What you should do:
In the listing that follows, count each line where the word "Sleeve" appears; write nothing but the count.

* * * * * * *

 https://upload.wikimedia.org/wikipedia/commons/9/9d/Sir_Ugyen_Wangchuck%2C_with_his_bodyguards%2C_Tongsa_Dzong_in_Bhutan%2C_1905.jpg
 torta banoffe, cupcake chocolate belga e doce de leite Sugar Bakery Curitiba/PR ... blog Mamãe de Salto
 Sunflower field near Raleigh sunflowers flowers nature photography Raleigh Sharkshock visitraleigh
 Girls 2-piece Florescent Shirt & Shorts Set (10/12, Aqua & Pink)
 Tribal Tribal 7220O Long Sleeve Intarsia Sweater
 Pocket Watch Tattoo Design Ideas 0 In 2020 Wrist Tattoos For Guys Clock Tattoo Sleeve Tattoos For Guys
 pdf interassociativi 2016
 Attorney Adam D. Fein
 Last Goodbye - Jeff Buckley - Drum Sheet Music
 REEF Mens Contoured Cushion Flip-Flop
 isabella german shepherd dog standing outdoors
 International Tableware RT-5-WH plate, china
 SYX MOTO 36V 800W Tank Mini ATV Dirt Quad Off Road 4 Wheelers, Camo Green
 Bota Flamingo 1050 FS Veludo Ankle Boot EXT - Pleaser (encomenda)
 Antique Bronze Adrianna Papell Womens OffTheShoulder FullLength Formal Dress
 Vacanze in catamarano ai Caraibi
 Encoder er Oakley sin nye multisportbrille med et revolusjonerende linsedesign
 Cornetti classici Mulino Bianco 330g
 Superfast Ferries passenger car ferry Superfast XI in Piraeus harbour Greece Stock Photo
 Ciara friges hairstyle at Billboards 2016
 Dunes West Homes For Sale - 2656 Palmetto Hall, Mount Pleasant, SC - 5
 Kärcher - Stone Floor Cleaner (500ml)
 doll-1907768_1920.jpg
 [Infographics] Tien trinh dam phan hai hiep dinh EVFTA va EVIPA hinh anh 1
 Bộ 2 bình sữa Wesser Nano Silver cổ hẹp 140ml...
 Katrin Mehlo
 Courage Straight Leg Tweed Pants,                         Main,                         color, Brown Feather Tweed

* * * * * * *

Answer box:
2